DANÇANDO COM AS IMAGENS
A Praça da Liberdade recebe o público da 19a CineBH em 2025 como palco de encontros, escuta e celebração. Em espaço aberto, com o cinema a se projetar sobre o horizonte da cidade, a música é elemento de ligação na edição de 2025, compondo corpos, memórias, afetos, narrativas e registros dos mais variados. Cada filme este ano traduz, de modos particulares, não só a música, mas a musicalidade como forma de estar no mundo, ora sendo gesto de resistência, ora canto íntimo, como invenção íntima e lúdica ou conexão entre culturas. A experiência coletiva e a céu aberto nas paisagens da região deverá ampliar os efeitos dessa musicalidade e dar a cada filme um frescor singular.
Em Ritas, a dupla de diretores Oswaldo Santana e Karen Harley mergulham na multiplicidade da cantora e compositora Rita Lee.

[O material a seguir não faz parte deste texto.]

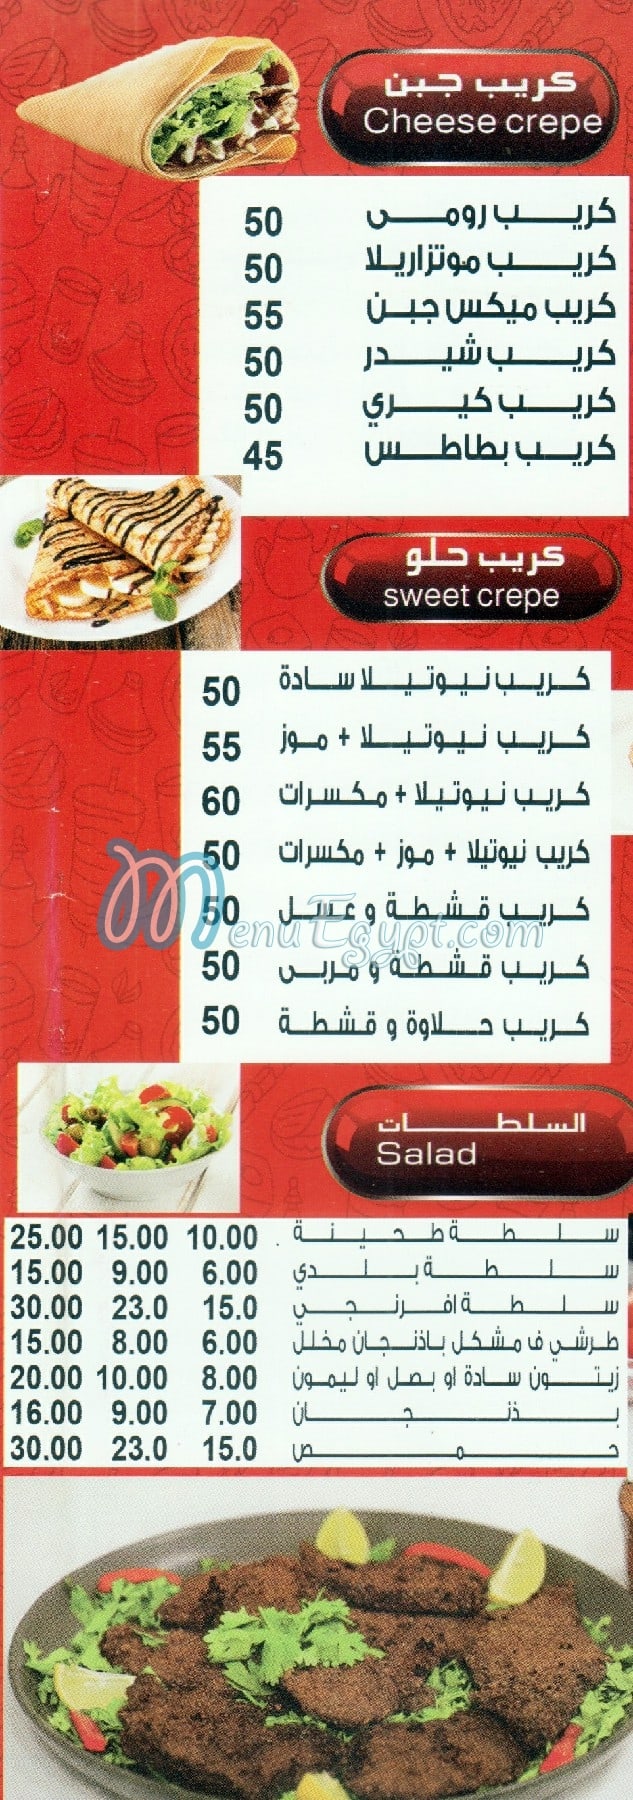 El Shabrawy El Mohandessin delivery menu

Este documentário prefere a celebração fragmentada e íntima ao retrato definitivo. A artista surge em entrevistas inéditas, gravações pessoais e animações psicodélicas que traduzem sua irreverência, humor e verdade. A trilha sonora, claro, forma a própria narrativa e conduz o espectador por um multiverso de Ritas. Entre ironia, doçura e ousadia, ela pulsa e transforma o filme em extensão de si, inclusive ao registrar imagens de si própria, não pensadas para uma tela de cinema e por isso tão desprendidas de maiores compromissos que não fossem seus estímulos internos. O filme destaca ainda como a artista sempre se reinventou, mesmo nos momentos mais difíceis e sem perder a musicalidade como fio condutor da vida. Rita, em Ritas, é celebrada tanto como mito quanto uma mulher ordinária que transcende os imaginários.

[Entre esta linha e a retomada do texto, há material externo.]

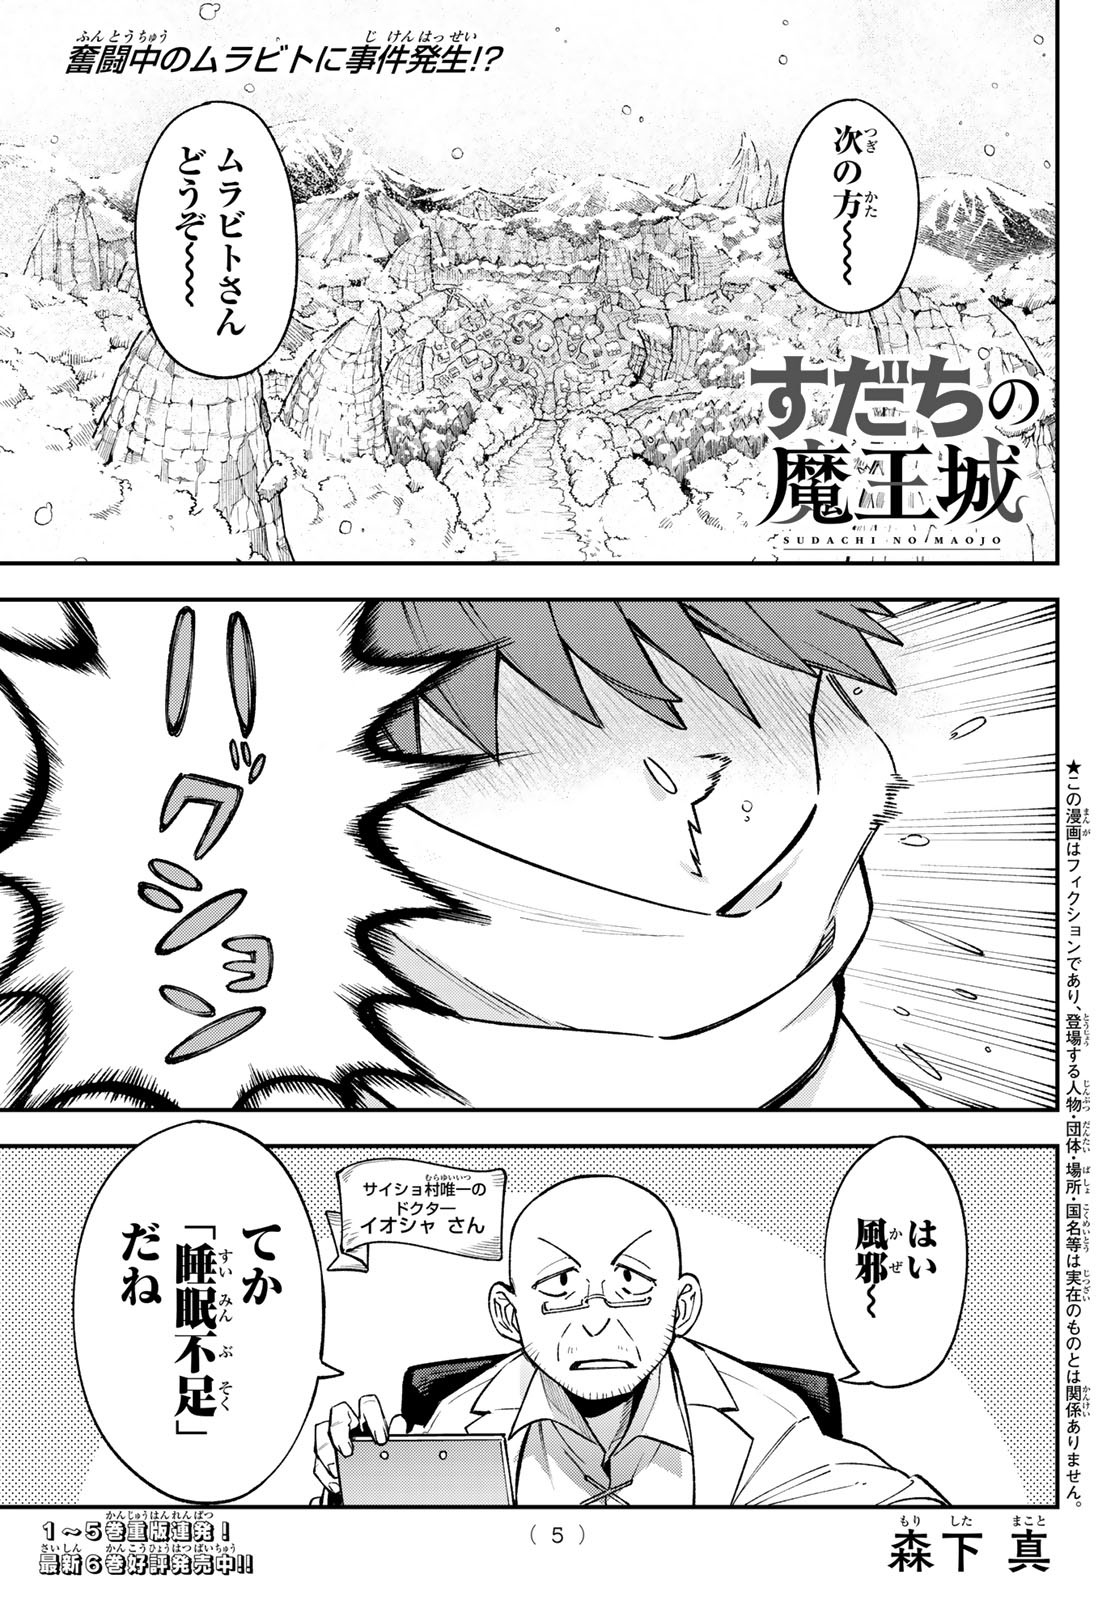 Sudachi no Maoujou - Chapter 27 - Page 2

Lagoa do Nado: A Festa de um Parque, dirigido por Arthur B. Senra, resgata uma história de mobilização em Belo Horizonte nos anos 1980 e 1990, quando a música se tornou linguagem de união em torno da criação do Parque Municipal Fazenda Lagoa do Nado. O documentário mostra que, diante da burocracia e da demora na implantação do parque, o canto e a celebração foram as armas escolhidas por um grupo de ativistas. Ao transformar a luta em festa, o filme revela como a música pode ser uma força política, social e ambiental, vibrando em coro o desejo de vida plena na cidade. Mais do que registrar um movimento, o filme sugere que a cultura tem o poder de moldar os espaços urbanos e a forma de se relacionar com eles. O concerto que atravessa a narrativa, com vozes em uníssono gritando “viva a vida!”, sintetiza a fusão entre arte e ação coletiva. Na Praça da Liberdade, a projeção do filme ecoa esse mesmo espírito de encontro comunitário.
No caso de Milton Bituca Nascimento, a diretora Flávia Moraes faz o retrato afetuoso e grandioso de um gigante das artes brasileiras. Ela acompanha a turnê de despedida de Milton Nascimento e revela a intensidade de uma circulação atravessada pela fragilidade do corpo e sustentada pela força da música. Depoimentos de parceiros como Wagner Tiso e Chico Buarque, a presença luminosa de Fernanda Montenegro e os momentos íntimos com a família revelam um Milton que transcende o indivíduo e mostra um herói cultural. Entre silêncios e canções, Flávia Moraes capta a beleza dos vários tempos que se acumulam em Milton, num tributo comovente ao seu legado.
Por fim, o projeto de cine-concerto Tela Sonora propõe a fusão entre imagem e som ao vivo, unindo curtas-metragens de animação brasileiros à criação musical eletrônica da dupla Xavier Garcia e Jérôme Lopez. Integrantes do coletivo francês Arfi, os artistas compõem uma paisagem sonora que mescla escrita contemporânea, gravações de campo e cantos indígenas. As animações de Iuri Moreno, Alois di Leo, Guilherme Gehr e Marcos Magalhães ganham outra dimensão quando atravessadas por essas sonoridades, criando um espetáculo em que cinema e música se tornam simbióticos inclusive por ocuparem o espaço ao vivo. A experiência é única porque cada exibição se renova no improviso e no diálogo entre os artistas e público. Dessa maneira, o cine-concerto não apenas acompanha as imagens, mas as reinventa, como se fosse sempre a primeira vez.
A Mostra Praça em 2025 chega, então, com esse convite a escutar o cinema e a assistir à música. Entre histórias, vozes e imagens, o espaço público se torna também espaço poético, e o tempo das imagens e dos sons é dividido entre todos ali, nas ondas das ruas, das paisagens, da arquitetura e das presenças.